Książka jest zapisem rozmowy Koterskiego z dziennikarzem i krytykiem filmowym Michałem Walkiewiczem. W wywiadzie aktor nie unika trudnych tematów i nie oszczędza siebie. Opowiada o swoim dzieciństwie i rodzinie, o początkach kariery i o tym, jak wpadł w sidła narkomanii. Przyznaje się do swoich błędów i winy, ale też do swoich marzeń i nadziei. Zdradza, co pomogło mu pokonać uzależnienie i jak zmieniło się jego życie po terapii. To książka pełna emocji, humoru i refleksji nad sensem istnienia.

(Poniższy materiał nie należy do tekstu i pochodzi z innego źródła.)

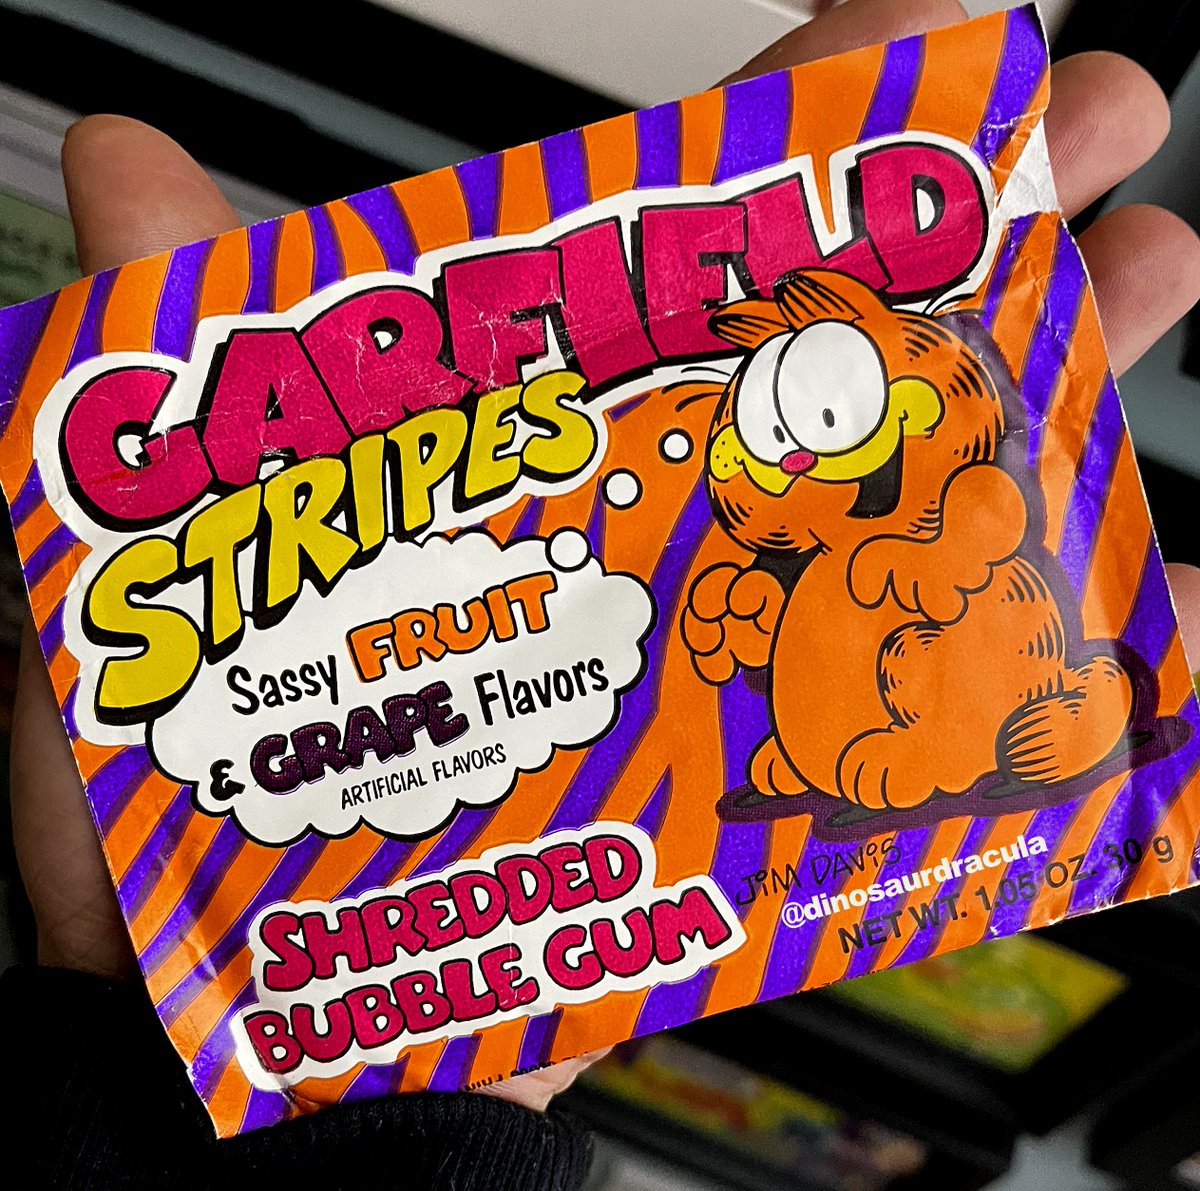 Garfield Stripes shredded gum, from 1989. Package looks like a pair of Zubaz. Note how we've also separated grapes from the (sassy) fruit family. A++.

„To już moje ostatnie życie” to nie tylko książka dla fanów Michała Koterskiego. To także ważne świadectwo o tym, że uzależnienie nie jest wyrokiem i że zawsze jest szansa na nowy początek. To książka dla wszystkich, którzy szukają inspiracji i motywacji do zmiany swojego życia na lepsze.
Od czternastego roku życia zażywał narkotyki. W liceum zamiast do szkoły chodził do klubów, gdzie zaprzyjaźnił się z lokalnymi gangsterami. Parę dni przed maturą pilnował ojca, żeby ten nie zapił się na śmierć. Po sukcesie filmu Dzień świra, w którym zagrał Sylwusia, nie było lepiej. Na każdą imprezę przychodził naćpany lub pijany. Były sytuacje, których nie miał prawa przeżyć. Lubił się leczyć, jeździł do ośrodków dla uzależnionych, chodził na terapie, na mityngi. Robił to w jednym celu: aby się „podreperować”, żeby potem „lepiej się zażywało”. Nikt nie wierzył, że uda mu się wygrać z uzależnieniami. Nawet on sam.
Co stało się w jego życiu, że dzisiaj jest „czysty”? W szczerej rozmowie z Beatą Nowicką opowiada o życiu na krawędzi i o swojej przemianie.
Ta historia zabrzmi jak spowiedź z „Wszyscy jesteśmy Chrystusami”.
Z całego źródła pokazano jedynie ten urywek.